У Столыпина шпор не было. Он просто снял перед главным царедворцем фуражку и тоже повторил:

– Честь имею, барон!

Барон Фредерикс повернул обратно, к шлагбауму Царского Села, а Столыпин поспешил на вокзал.

VII

Поезд хотя и назывался курьерским, но шел вдвое медленнее пассажирского. Сплошным потоком тянулись на Саратов воинские эшелоны. Еще было только начало марта, холодно. Теплушки застилало дымом железных печек. Топотали от холода и ржали не привыкшие к тесноте и долгим переездам кавалерийские кони. На открытых платформах торчали зачехленные пушки и горы снарядных ящиков. Казалось, вся Россия сдвинулась с места и прет куда-то…

Едва попав на первую саратовскую станцию, Столыпин продиктовал телеграммы с пометкой: «Всем, всем губернским властям: «Каждый воинский эшелон встречать на станции со всеми подобающими почестями, с духовой музыкой, с флагами и хлебом-солью, а также с радостными лицами и криками «ура!»

Сам же он уже охрип от холодных степных ветров и речей, с которыми обращался к русскому воинству на многочисленных остановках.

Воинские и железнодорожные начальники хотели было пропустить вперед поезд, в котором ехал губернатор, но он категорически воспротивился.
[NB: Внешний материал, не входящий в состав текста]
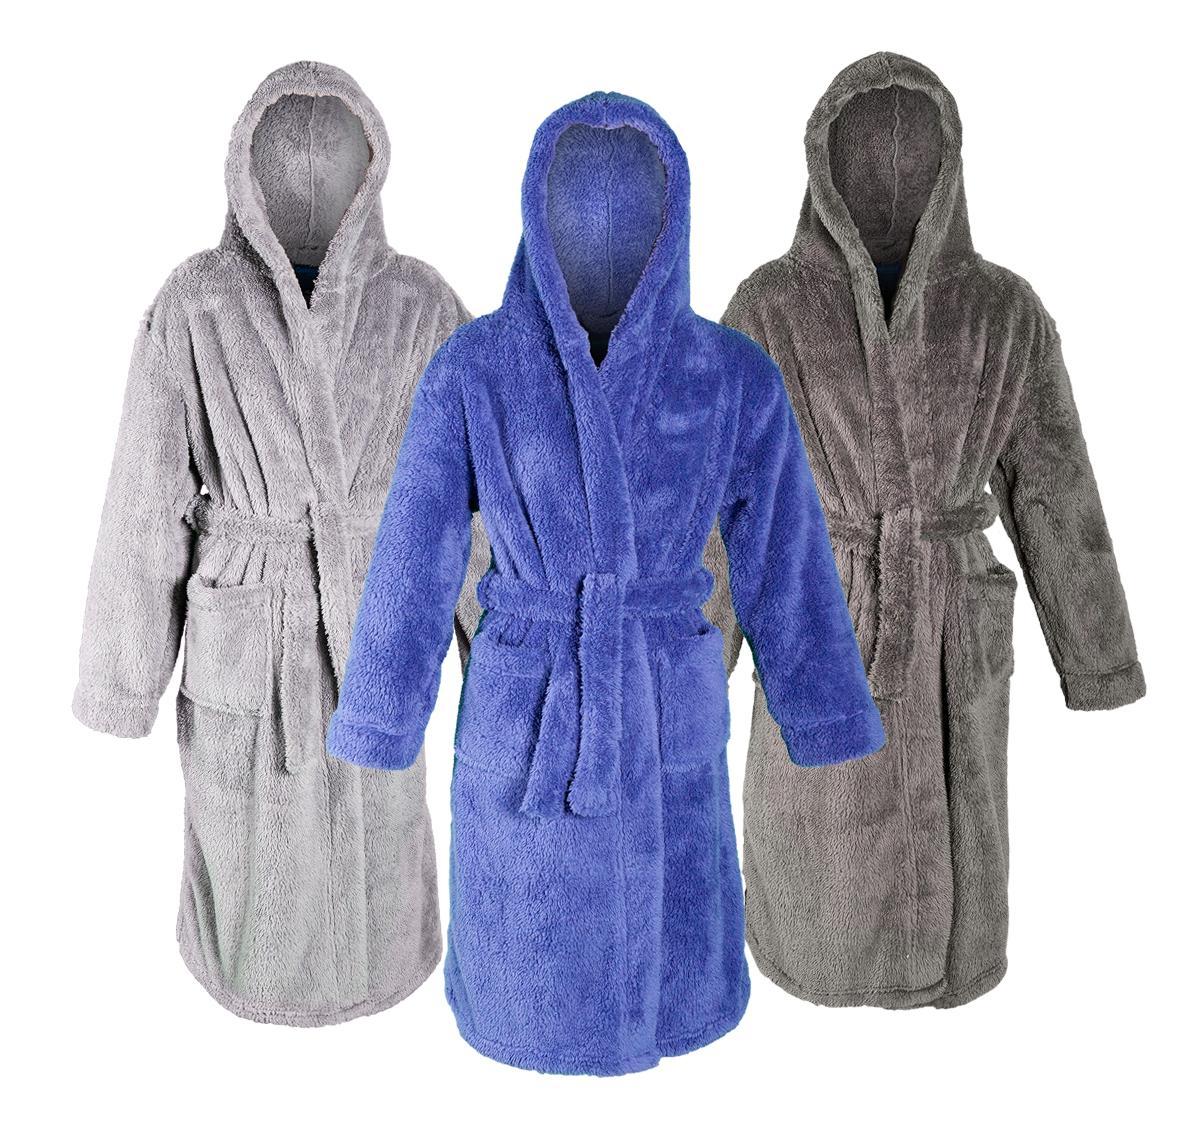 MINIKIDZ Childrens Kids Boys Dressing Gown Robes a37a5a050

Так что дорога от Москвы до Саратова заняла двое суток.

Бессонных, надо сказать…

В просторном спецкупе постоянно толкались командиры отправлявшихся на восток частей, а разве можно было им, идущим на смерть, отказать в последнем гостеприимстве?..

Лето 1904 года выдалось скверное. Губернатор обещал государю восторженные марши встречь уезжавшим на восток войскам. Это их еще на подъезде к Саратову встречали зарева горевших помещичьих усадеб и толпы женщин и детей, кричавших:

– Верните нашего тя-ятьку!..

– Нам е-ести нечего!..

– Воюйте са-ами!..

– Поле пахать некому!..

В теплушках, теперь уже по-летнему распахнутых, ехали мужики, которых позабирали и увезли из здешних деревень. Однако ж кто-то еще оставался, раз в округе светили в ночи помещичьи усадьбы?

Подполковник Приходькин с ног сбился, разыскивая зачинщиков. Но по деревням копошились только старики да белобилетники – кто без глаза, кто без ноги, а кто и вовсе без царя в голове. Приходькин, уж на что крепкая душа, в приливе отчаяния признался:

– Я толку воду в ступе! Какое может быть следствие, когда все поголовно против войны… и против наших вельмож?.. Нам воевать придется здесь, на Волге. А войска уходят на восток, нам их не дадут. Выход?.. Вызывать сюда казаков!

Губернатор, слывший либералом, вынужден был согласиться со своим верным служакой. Незримой стихийной силе следовало противопоставить силу организованную, воинскую. Полиция и местная жандармерия ничего не могли поделать. В поисках скучающих без дела казаков он и отправился на низа, в Царицын, который входил все в ту же громадную Саратовскую губернию. Там, вдали от фронтовых дорог, было потише, да и на самом низу, в Астрахани, оставалось скучающее казачество: на восток пока не гнали. А казак есть казак, ему сподручнее в седле, чем у казачки под юбкой. Столыпину удалось договориться с атаманами, которые обещали прислать на даровые хлеба своих молодцов.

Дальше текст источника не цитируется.